DataAlchemy
Transforming messy data into meaningful business and research insights—turning raw datasets into clean, actionable analyses ready for real-world impact. This repository is a curated collection of data analysis projects, showcasing workflows from raw data to clean, analysis-ready datasets with business-relevant insights.

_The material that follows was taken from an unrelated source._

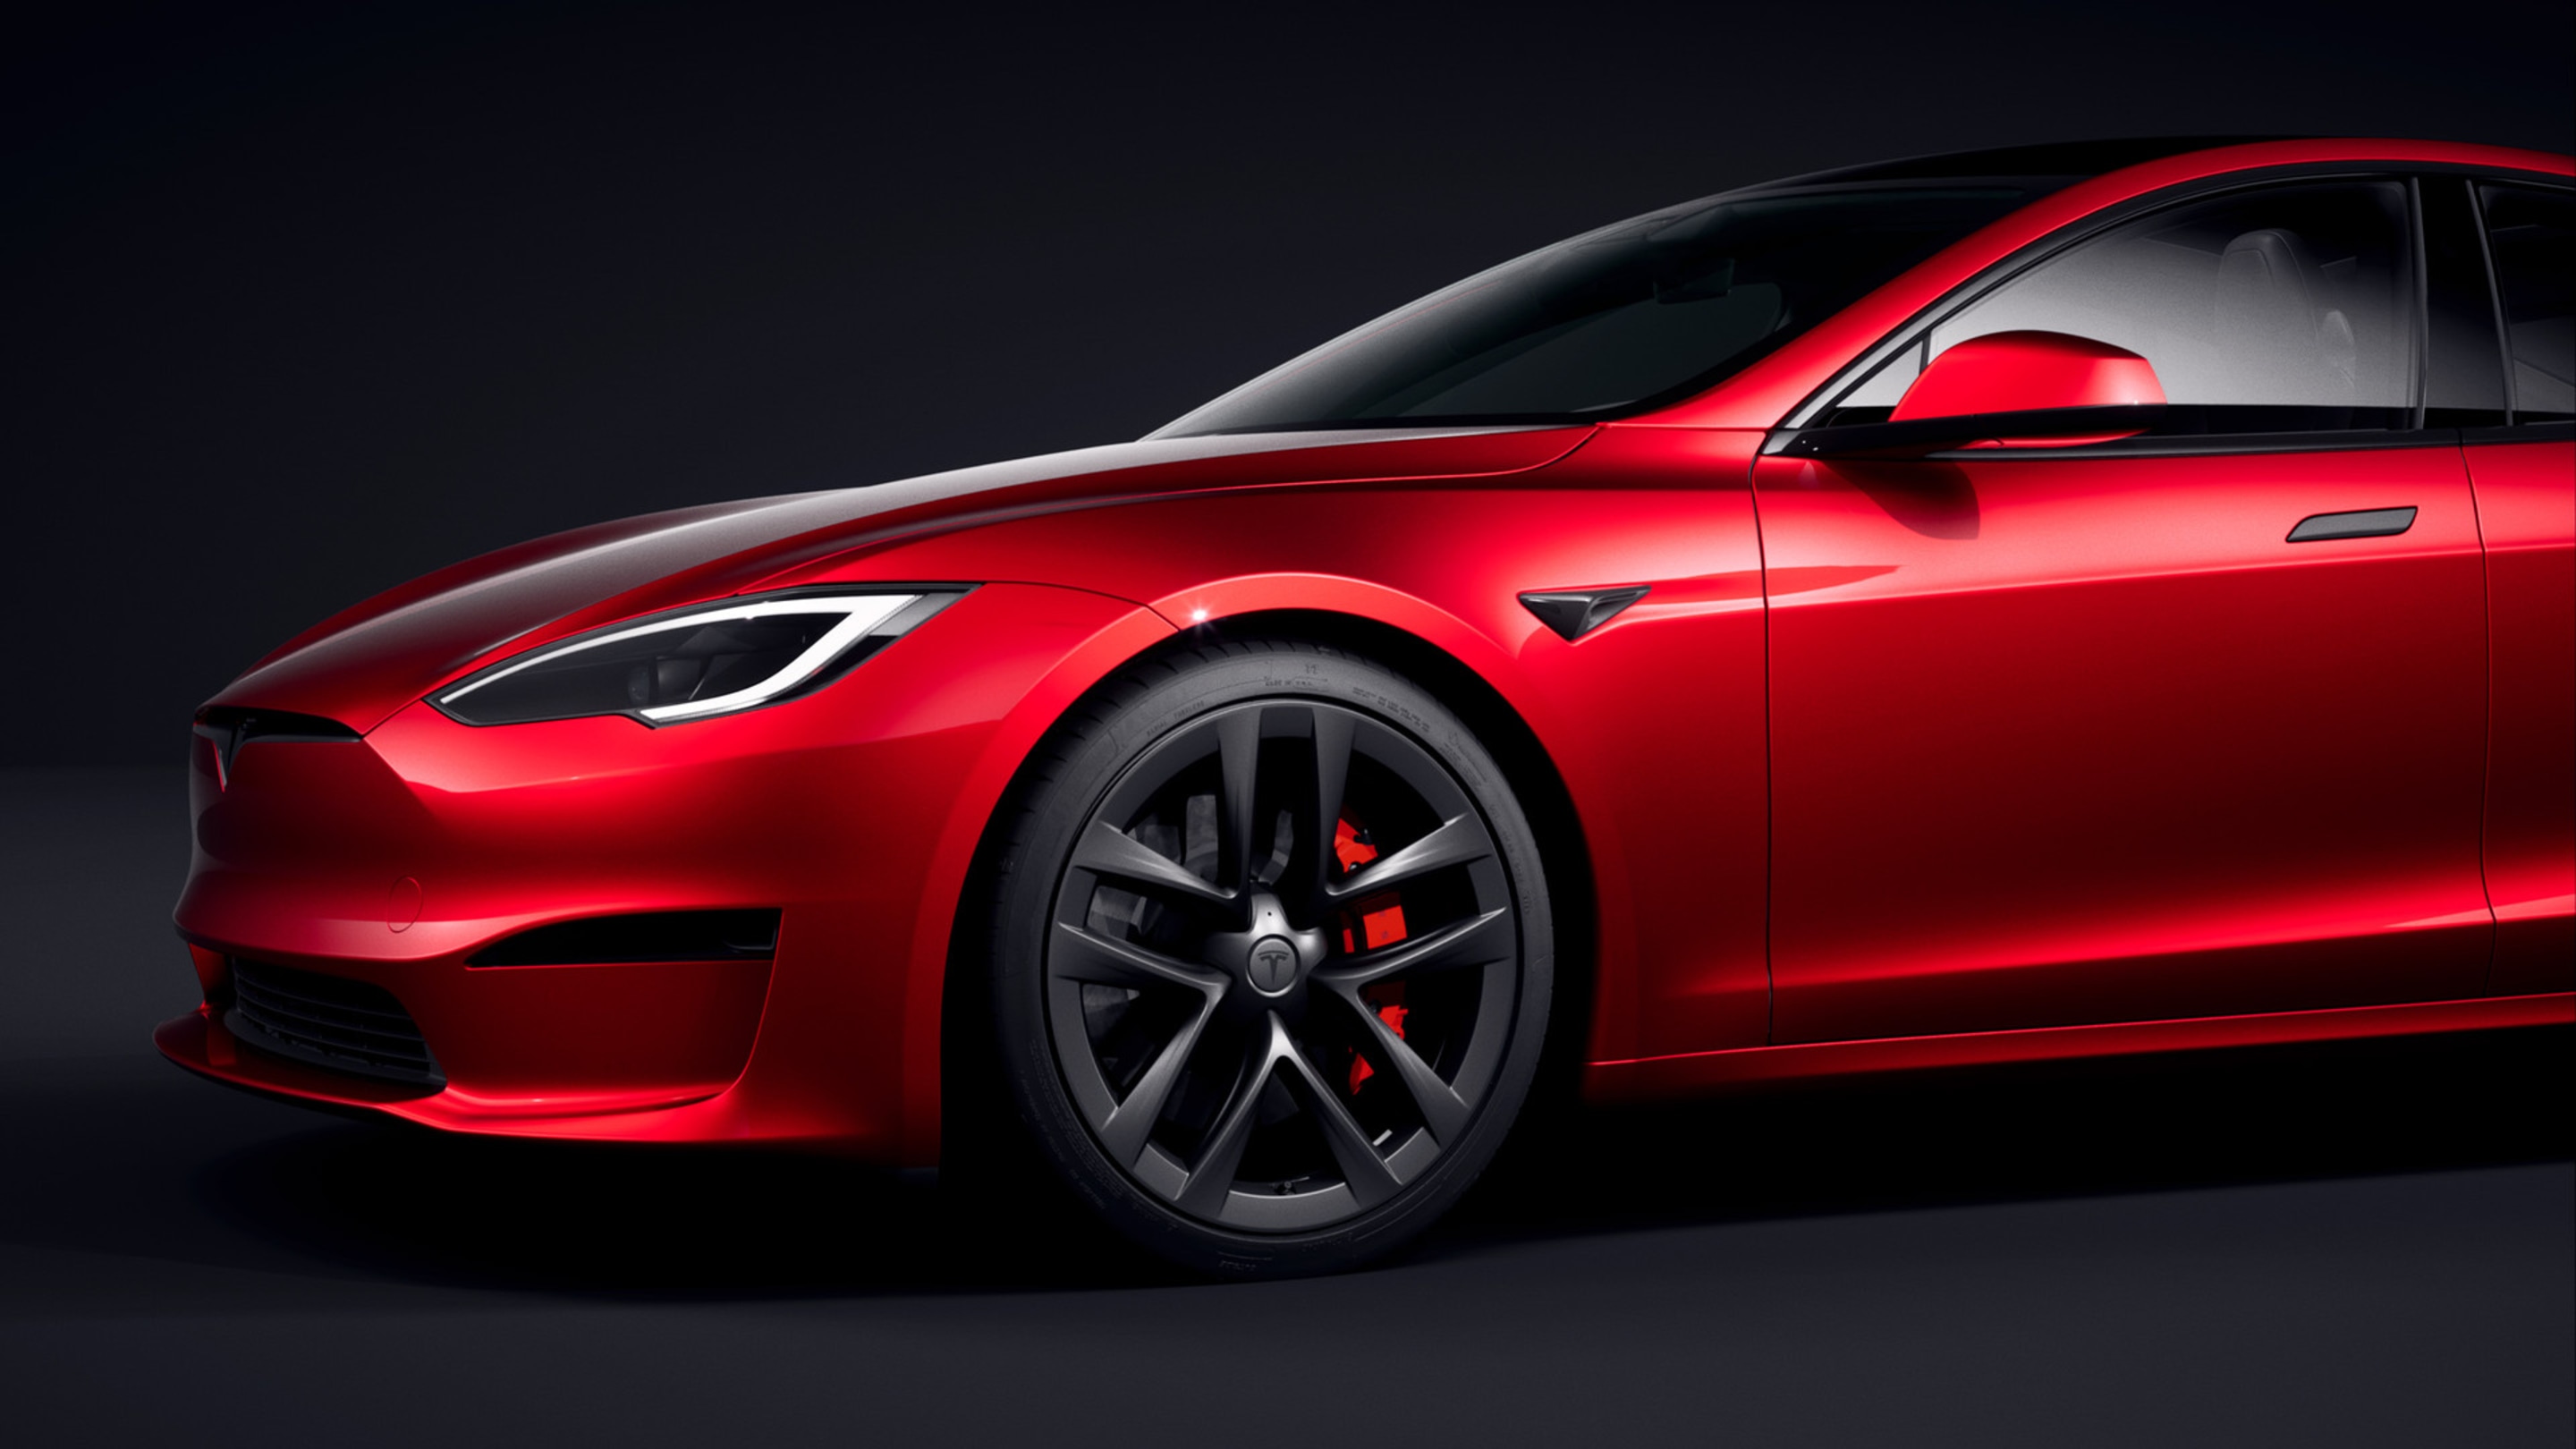 Vue de face de la Model S rouge

Tech Stack Python: pandas, numpy Excel / Google Sheets Jupyter Notebooks Data Visualization: matplotlib, seaborn, plotly, Power BI Version Control: Git & GitHub
| Project | Description | Raw Dataset | Cleaned Dataset | Key Insights |
|---|---|---|---|---|
| Inventory Data Cleaning | Standardized product data, resolved duplicates, normalized formats | messy_warehouse_data.csv |
cleaned_warehouse_data.csv |
Dataset ready for reporting, dashboarding, and predictive modeling |
| Upcoming Project | Short description | Link | Link | Summary of insights |
Inventory Data Cleaning: Before vs After 🔍 Initial Data Audit & Key Issues
- Text & Categorical Fields: Inconsistent naming, casing, and whitespace → unreliable grouping and pivot tables.
- Quantity Column: Mixed types, text numerics, missing values → numeric aggregation errors.
- Price Column: Missing values, text formatting → revenue calculations distorted.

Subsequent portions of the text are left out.